High-performance energy-storage ferroelectric multilayer ceramic capacitors via nano-micro engineering

Abstract

The theory of obtaining high energy-storage density and efficiency for ceramic capacitors is well known, e.g. increasing the breakdown electric field and decreasing remanent polarization of dielectric materials. How to achieve excellent energy storage performance through structure design is still a challenge. Here, we propose a synergetic nano-micro engineering approach to achieve high energy-storage behavior in (1 − x)(0.65Bi_0.5Na_0.5TiO₃-0.35SrTiO₃)-xLa(Mg_1/2Zr_1/2)O₃ multilayer ceramic capacitors (MLCCs).

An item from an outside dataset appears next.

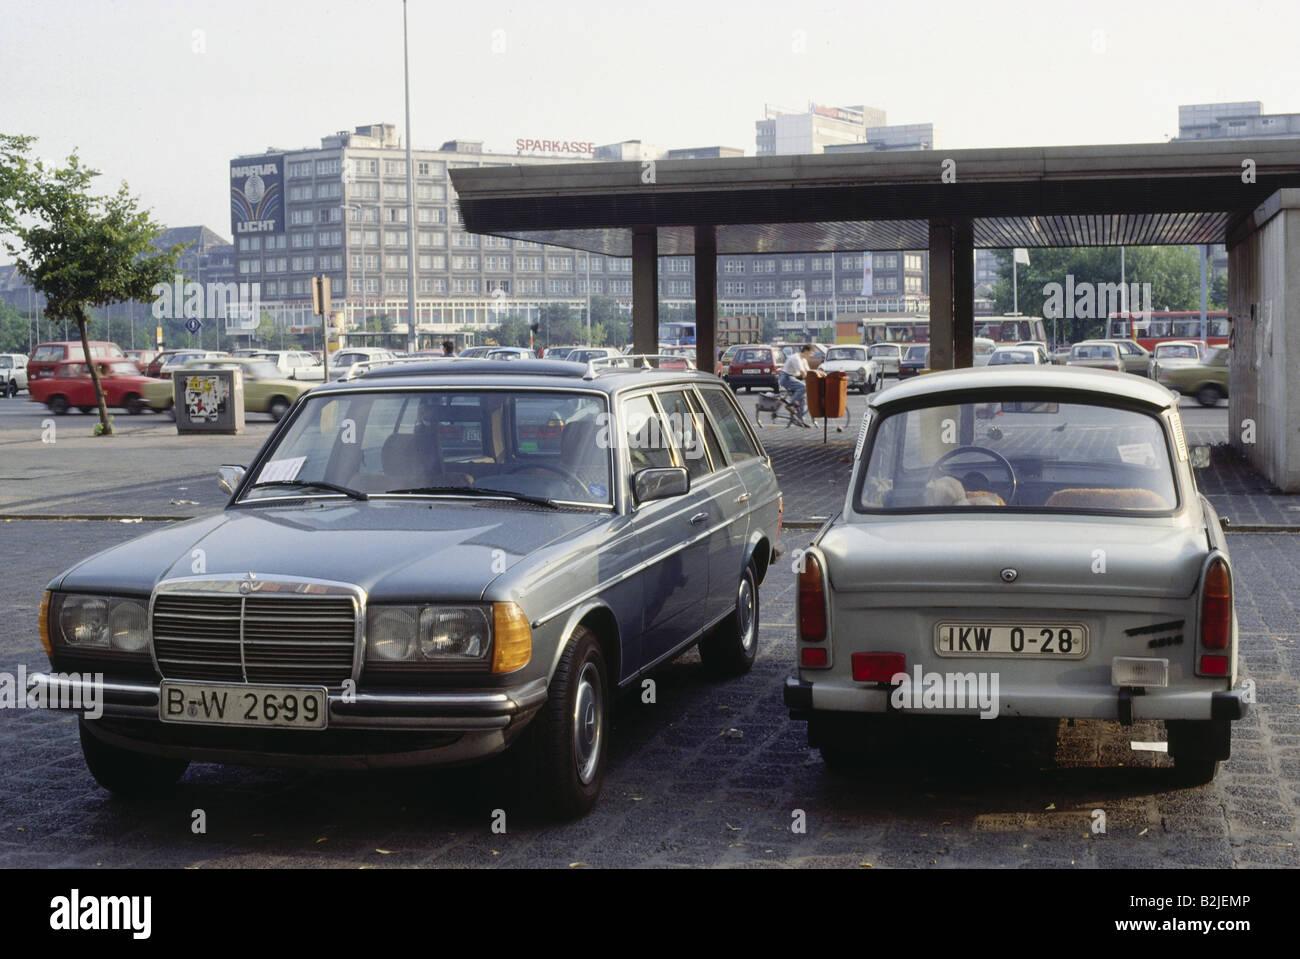 transport/ transportation, cars, Germany, Trabant, next to Mercedes, Alexanderplatz (today: Alexanderstrasse), Berlin, - Stock Image

The introduction of La(Mg_1/2Zr_1/2)O₃ not only promotes the domains to transform into polar nano-regions, but also improves microscale-structure homogenization, leading to enhanced relaxation characteristic and dielectric breakdown strength. Moreover, constructing a multilayer structure by decreasing the thickness of the dielectric layer to ∼10 μm further increases the dielectric breakdown strength to 1050 kV cm⁻¹. This nano-micro engineering results in a high energy density of 13.5 J cm⁻³ together with a large efficiency of 90% in the MLCC with x = 0.15. The MLCC also exhibits excellent temperature and frequency stability, where the variations in energy density are just 1% (20–120 °C) and 2% (1–100 Hz), respectively. This material design strategy based on nano-micro engineering demonstrates a positive size effect on energy-storage performances, promoting the development of the ferroelectric family in energy-storage fields.